* **Description of the task**
Find the word "population" in the data below and copy each line that holds it.
........
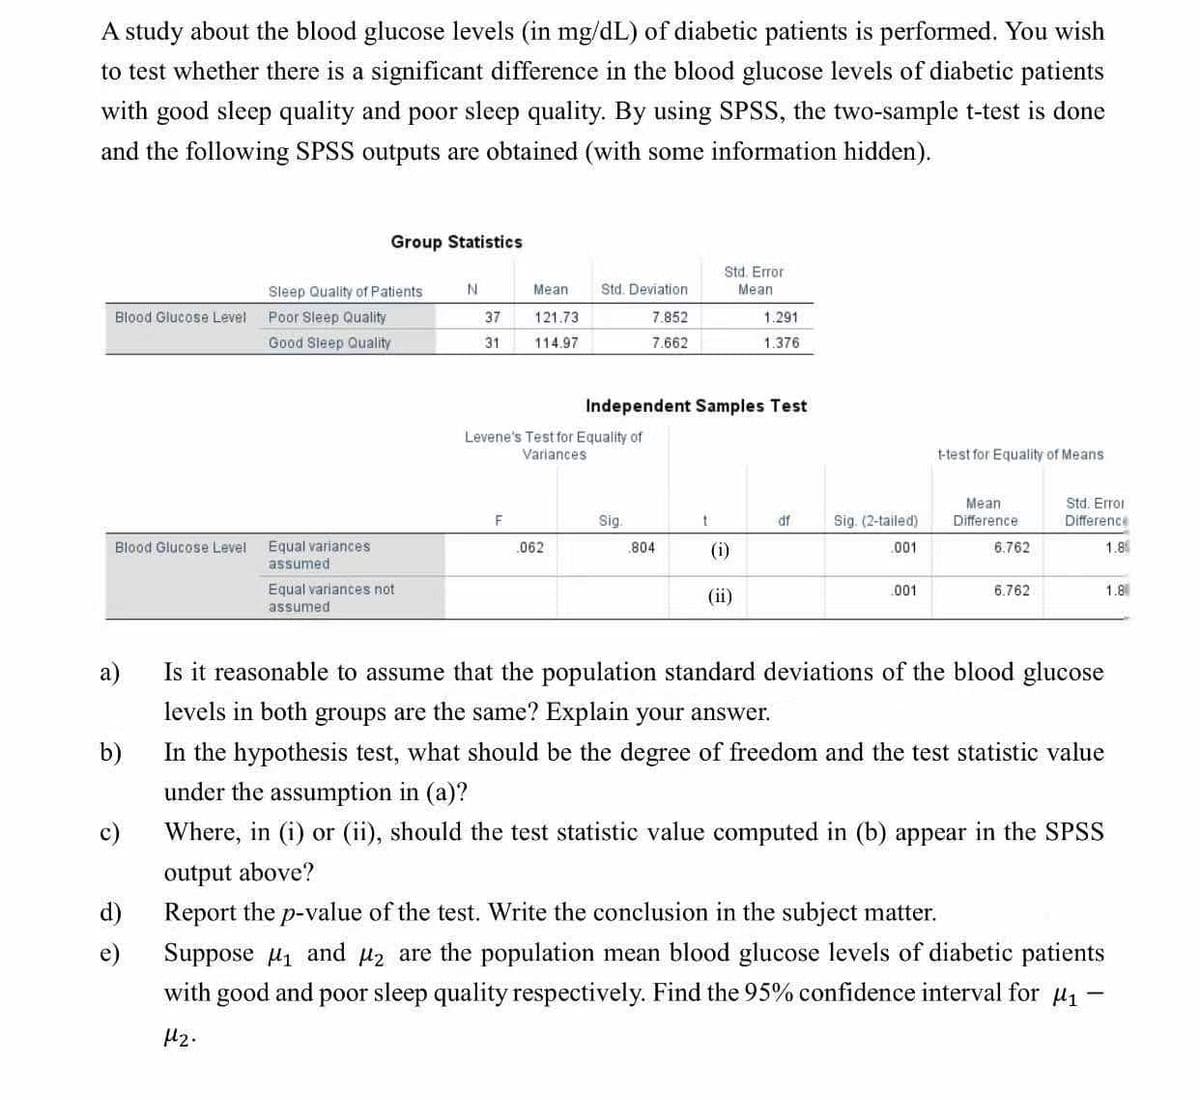 A study about the blood glucose levels (in mg/dL) of diabetic patients is performed. You wish
to test whether there is a significant difference in the blood glucose levels of diabetic patients
with good sleep quality and poor sleep quality. By using SPSS, the two-sample t-test is done
and the following SPSS outputs are obtained (with some information hidden).
Blood Glucose Level
Blood Glucose Level
c)
d)
e)
Group Statistics
Sleep Quality of Patients:
Poor Sleep Quality
Good Sleep Quality
Equal variances
assumed
Equal variances not
assumed
N
37
31
Meant
121.73
114.97
F
Std. Deviation
7.852
7.662
Levene's Test for Equality of
Variances
062
Independent Samples Test
Sig.
.804
Std. Error
Mean
t
(i)
1.291
1.376
(ii)
df
Sig. (2-tailed)
.001
.001
t-test for Equality of Means
Mean
Difference
6.762
6.762
Std. Error
Difference
1.8
a)
Is it reasonable to assume that the population standard deviations of the blood glucose
levels in both groups are the same? Explain your answer.
b)
In the hypothesis test, what should be the degree of freedom and the test statistic value
under the assumption in (a)?
Where, in (i) or (ii), should the test statistic value computed in (b) appear in the SPSS
output above?
Report the p-value of the test. Write the conclusion in the subject matter.
Suppose ₁ and ₂ are the population mean blood glucose levels of diabetic patients
with good and poor sleep quality respectively. Find the 95% confidence interval for μ₁
4₂.
1.8
-
........
* **Solved problem**
Is it reasonable to assume that the population standard deviations of the blood glucose
Suppose ₁ and ₂ are the population mean blood glucose levels of diabetic patients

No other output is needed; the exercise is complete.